É possível afirmar, então, que a abertura da congregação batista do bairro da Lagoinha sinalizava o início da “destradicionalização” e da perda de força da tradição religiosa batista. Além disso, a abertura da congregação batista no bairro da Lagoinha aponta para uma exaustão iniciada no protestantismo histórico, bem como, para a busca por novas alternativas de representação simbólica, o que culminaria nos anos de 1950 no surgimento das campanhas de “avivamento espiritual” e no avanço da pentecostalização, segundo Campos (1996:95). É, portanto, na década de 1950, de acordo com Sandra Duarte de Souza (2001:159-160), que os indivíduos começaram a ganhar espaço para a formulação de um “cardápio religioso” mais adaptado aos novos tempos. Isso significou que o jeito válido de praticar a fé cristã segundo os moldes batistas, começava a ser reconfigurado e que já não podia mais ser interpretado e nem vivenciado de maneira tão uniforme.

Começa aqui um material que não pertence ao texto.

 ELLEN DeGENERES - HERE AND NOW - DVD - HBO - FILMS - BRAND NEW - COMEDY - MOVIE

A abertura da congregação batista no bairro da Lagoinha pode ser explicada também como estando relacionada à movimentação e efervescência religiosa da década de 1950. Segundo Tognini e Almeida (2007:86) foi no clima de busca de uma vida espiritual mais rica, mais

abundante em graça, e com desejo de avivamento que surgiu a proposta de criar uma nova igreja. Essa movimentação e efervescência fizeram parte de uma “segunda onda” de pentecostalização do campo religioso brasileiro, conforme expressa Freston e cuja ênfase estava nos “dons de falar em línguas” e de “fazer milagres e curas”.

“Somente a partir dos anos cinquenta o pentecostalismo decolou; eu diria que foi na segunda metade dos anos cinquenta. A segunda onda se deu nos anos cinqüenta quando a urbanização se acelerava e, em alguns lugares, (...) formava-se uma sociedade de massas. (...) e essa nova sociedade de massas possibilita um novo tipo de pentecostalismo que rompe com as limitações dos modelos existentes” (FRESTON, 1996, p. 21).

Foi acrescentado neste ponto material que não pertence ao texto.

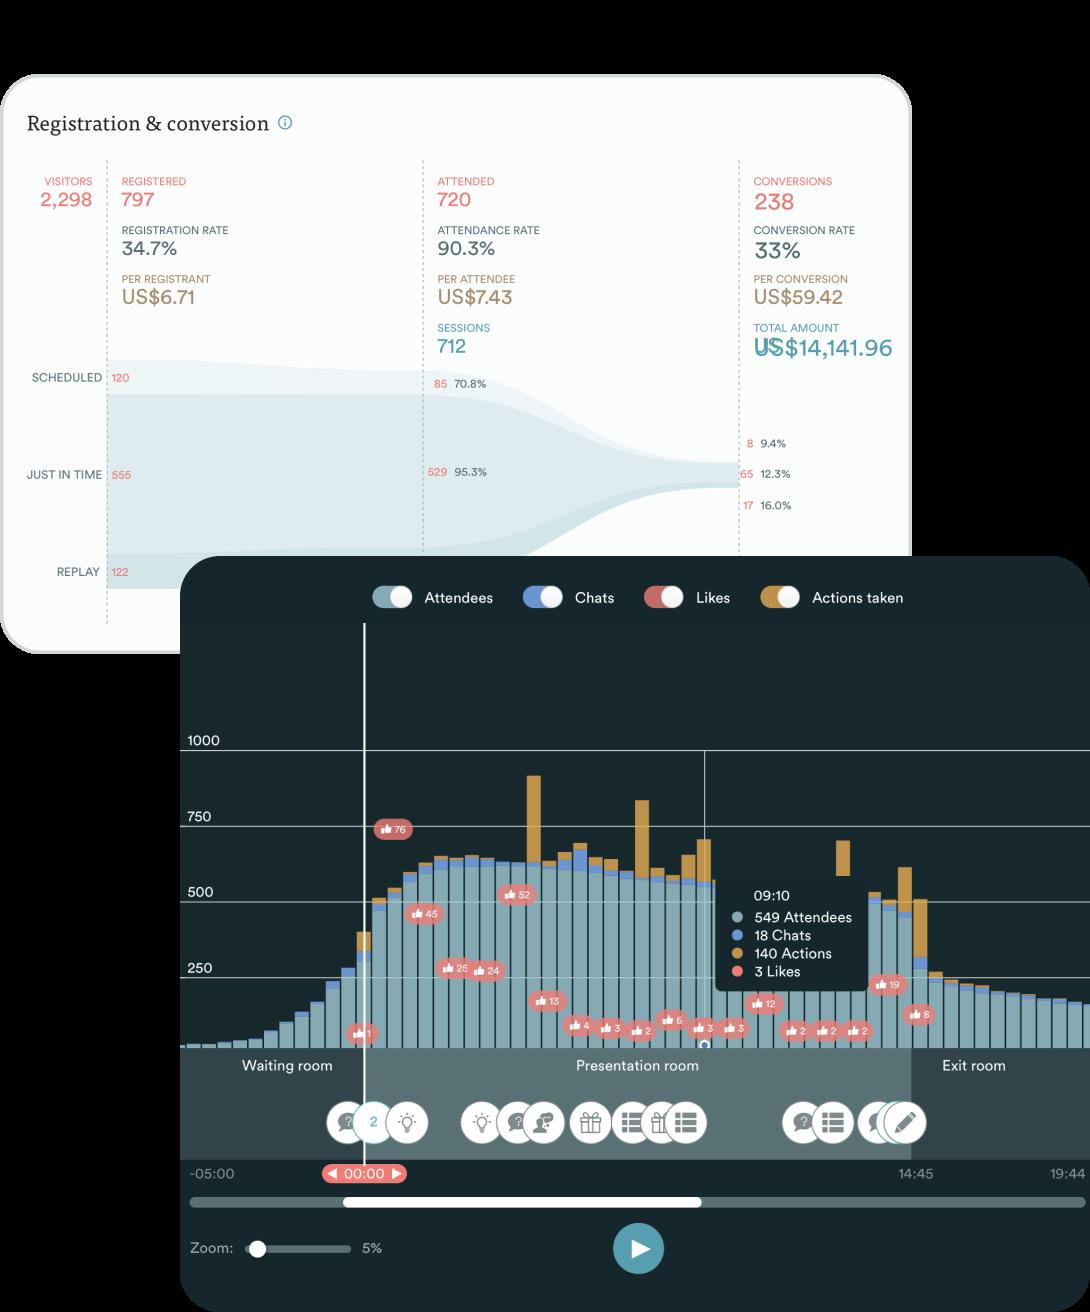 eWebinar analytics engagement and conversion graph

Na prática, um amplo processo de transformação da sociedade fazia parte do cenário que influenciou a abertura da IBL, o que também refletia na recomposição e alteração do campo religioso. Pressupomos que a transformação da sociedade é relativa à recomposição e alteração do campo religioso e que a efervescência religiosa ocorrida na década de 1950 está associada ao avivalismo e à pentecostalização das igrejas. Na verdade, todo esse processo se tornou um elemento facilitador para a inserção do pentecostalismo nas denominações protestantes, fazendo surgir novas igrejas e novos segmentos religiosos. O avivalismo, e mais precisamente, o pentecostalismo, podem ser considerados um movimento espiritual, uma “experiência religiosa do divino”, conforme Bernardo L. Campos Morante (1996:50), que não tem fronteiras de confessionalidade, ideologias, identidades e territórios.